──────── Available data ────────
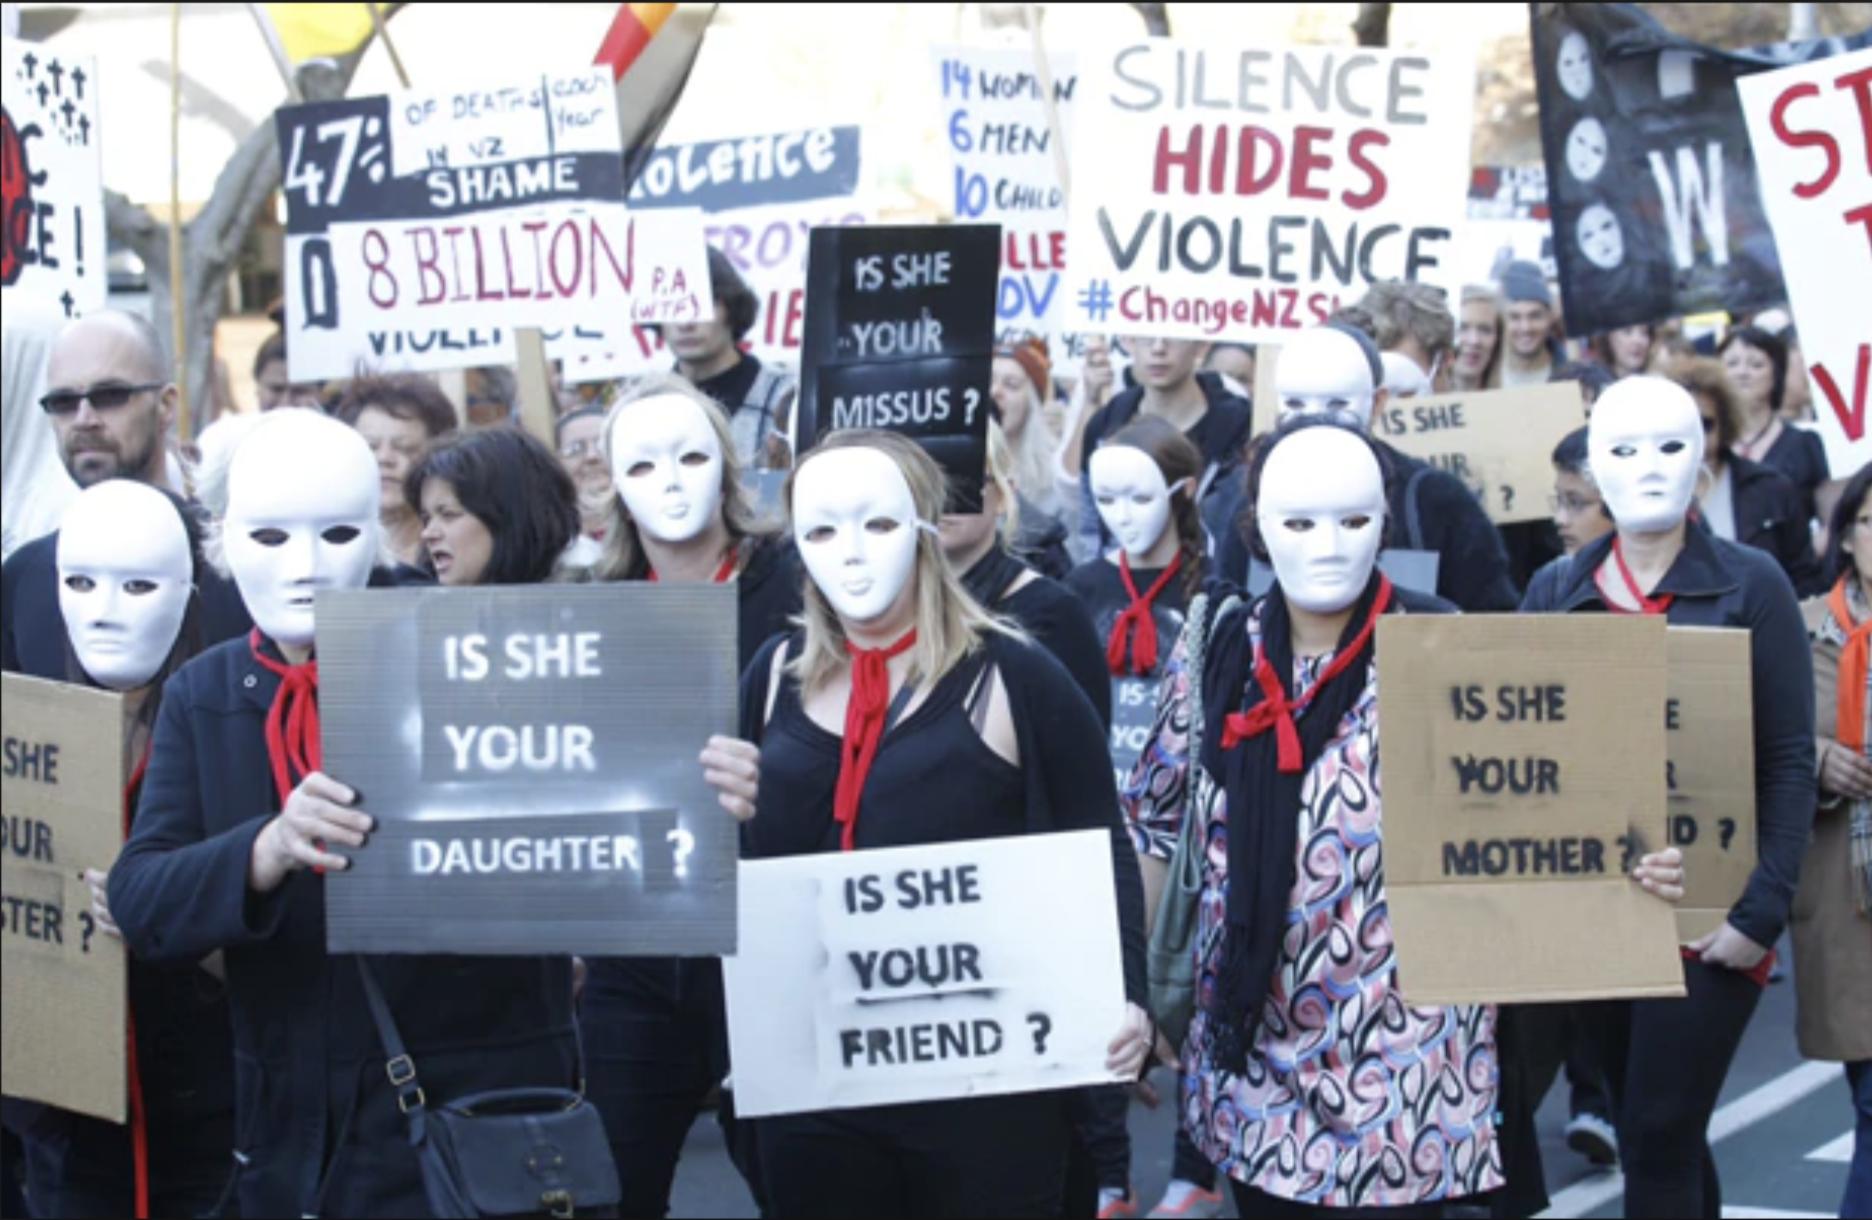 Demestic Violence Protest
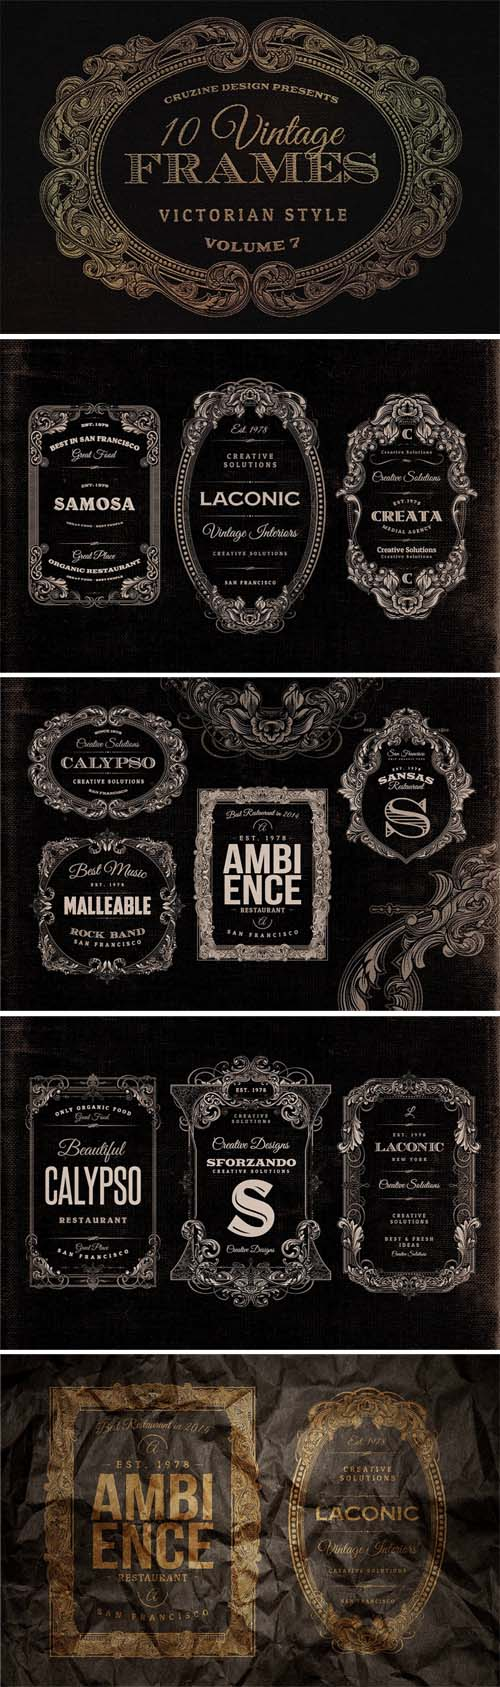 Vintage Frames Victorian Ornament Style
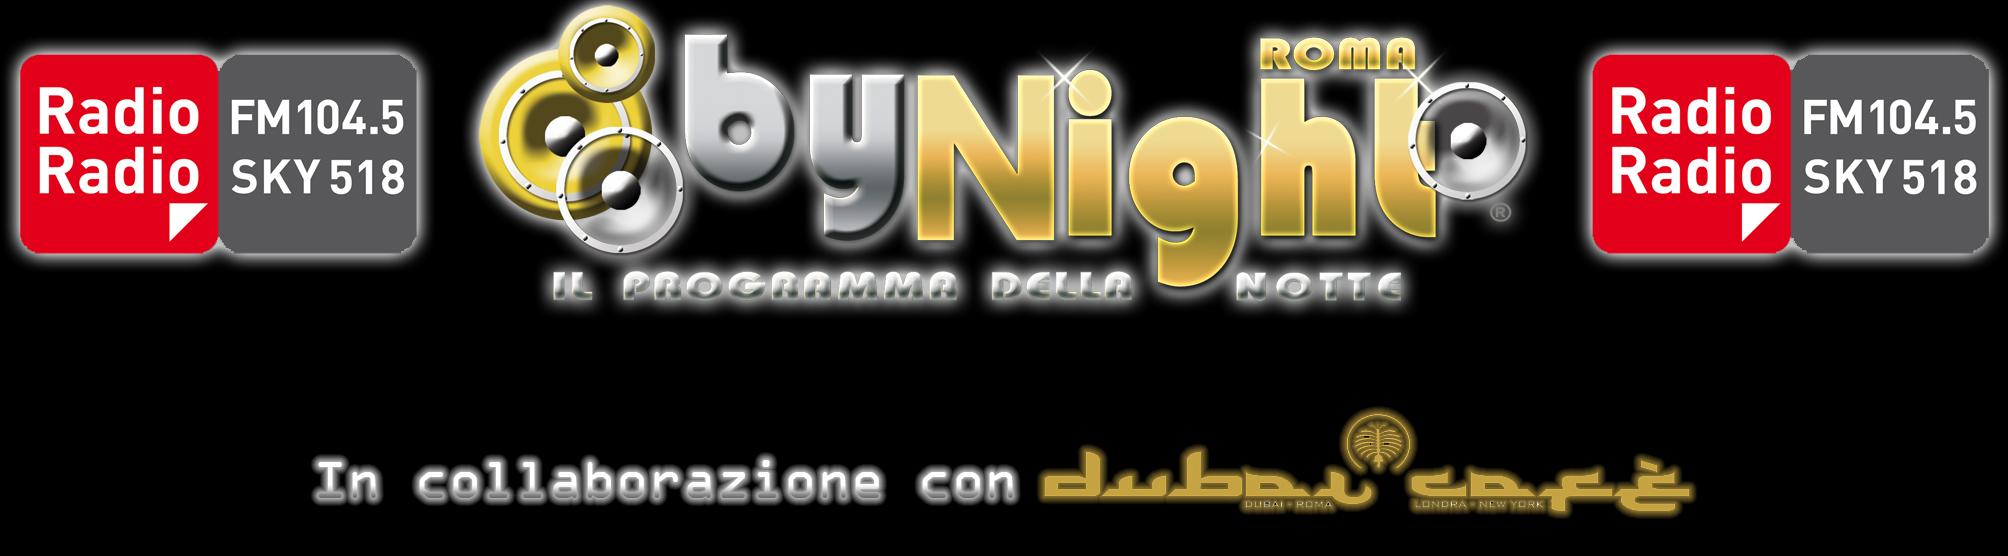 intervista a radio radio by night
────────
> _Exercise prompt_
Go through the material above and retype every line exactly, without the images.

> _Output for this exercise_
 Demestic Violence Protest
 Vintage Frames Victorian Ornament Style
 intervista a radio radio by night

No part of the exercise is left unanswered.